ECS Auto-Deploy Design

Date: 2026-05-14 Target: Alibaba ECS Chengdu (39.106.170.204) Image: ghcr.io/lacatfly/twilight-driveStatus: Approved, ready for implementation plan

Goal

Replace manual install.sh-driven deployment with a GitHub Actions pipeline that ships every merged main commit to ECS with health-gated auto-rollback and zero open inbound ports.

Constraints

ECS sits in Chengdu behind GFW; no overseas SSH ingress is acceptable as a long-term surface.
ECS can reach ghcr.io (verified: 1.6s HTTP response).
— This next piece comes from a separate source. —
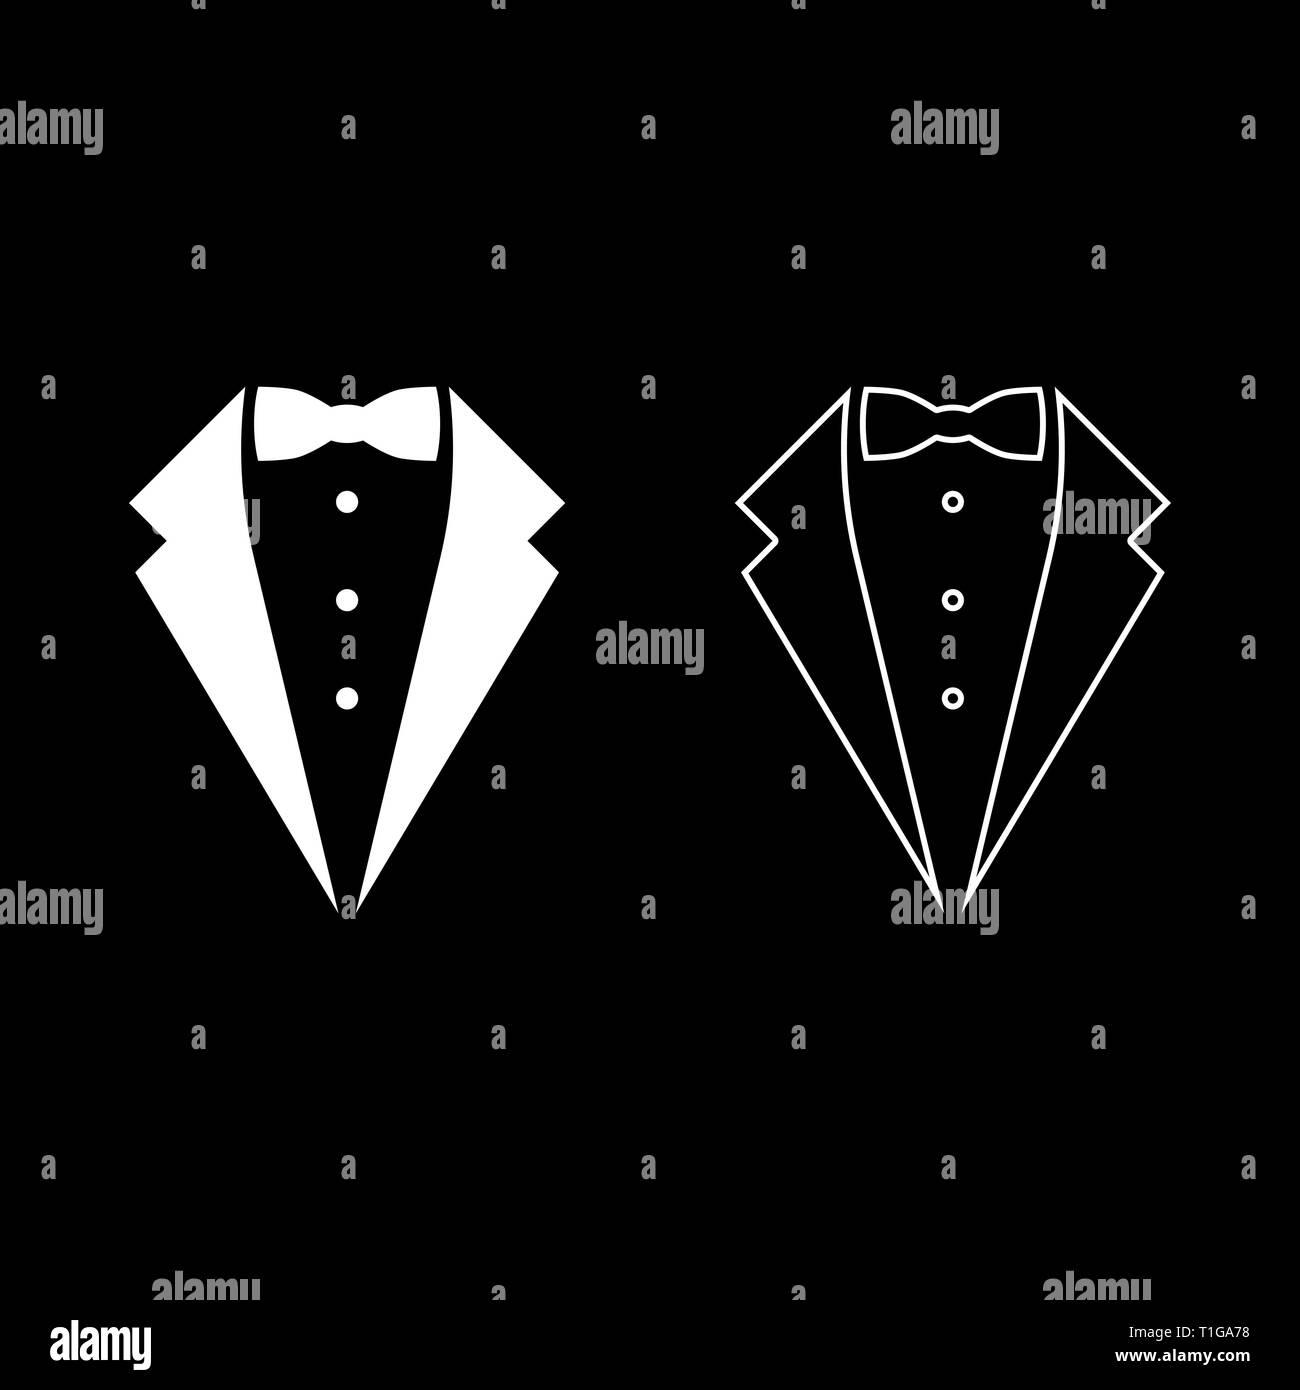 Symbol service dinner jacket bow Tuxedo concept Tux sign Butler gentleman idea Waiter suit icon set white color vector illustration flat style simple - Stock Image

No Aliyun ACR mirror required at this stage.
Existing docker-build.yml already pushes tags latest, main, sha-<7> on push to main.
Existing cloudflared tunnel twilight-backend already terminates api.fsagent.cc on the box.
Paid users hit api.fsagent.cc; broken deploys must self-heal without operator intervention.

Architecture

push main
  │
  ├──► docker-build.yml (existing)
  │       build → push ghcr.io tags: latest, main, sha-<7>
  │
  └──► deploy-ecs.yml (NEW, workflow_run after docker-build success)
         1. install cloudflared on runner
         2. auth Cloudflare Access via service token
         3. ssh deploy@ssh-ecs.fsagent.cc (via cloudflared access ssh)
            → runs /opt/twilight/deploy.sh sha-<7>
                a. flock to serialize deploys
                b. validate tag against regex
                c. snapshot current IMAGE_TAG → PREV
                d. write new IMAGE_TAG to .env
                e. docker compose pull && up -d
                f. poll /healthz for 60s (30 × 2s)
                g. success → prune old images >7d
                h. fail → restore PREV, up -d, exit 1

The compose.yml references image: ghcr.io/lacatfly/twilight-drive:${IMAGE_TAG:-latest}. Tag pinning via .env makes rollback an env-flip plus up -d, not a registry hunt.

Components

New

Path	Purpose
`.github/workflows/deploy-ecs.yml`	`workflow_run` trigger off Docker build success; SSHes via cloudflared and runs `deploy.sh`
`deploy/ecs-deploy.sh`	ECS-side deploy script: lock, snapshot, swap tag, pull, up, healthcheck, rollback
`deploy/cloudflared-ssh.yml.template`	Ingress block to merge into existing tunnel config: `ssh-ecs.fsagent.cc → ssh://localhost:22`

Modified

Path	Change
`deploy/compose.yml`	`image:` uses `${IMAGE_TAG:-latest}` interpolation
`deploy/env.example`	Adds `IMAGE_TAG=latest` line

Cloudflare Access (one-time manual)

Add hostname ssh-ecs.fsagent.cc to tunnel ingress: ssh://localhost:22.
Create Access application gated to service-token policy only (no IdP, no user logins).
Generate one service token; record CF-Access-Client-Id and CF-Access-Client-Secret.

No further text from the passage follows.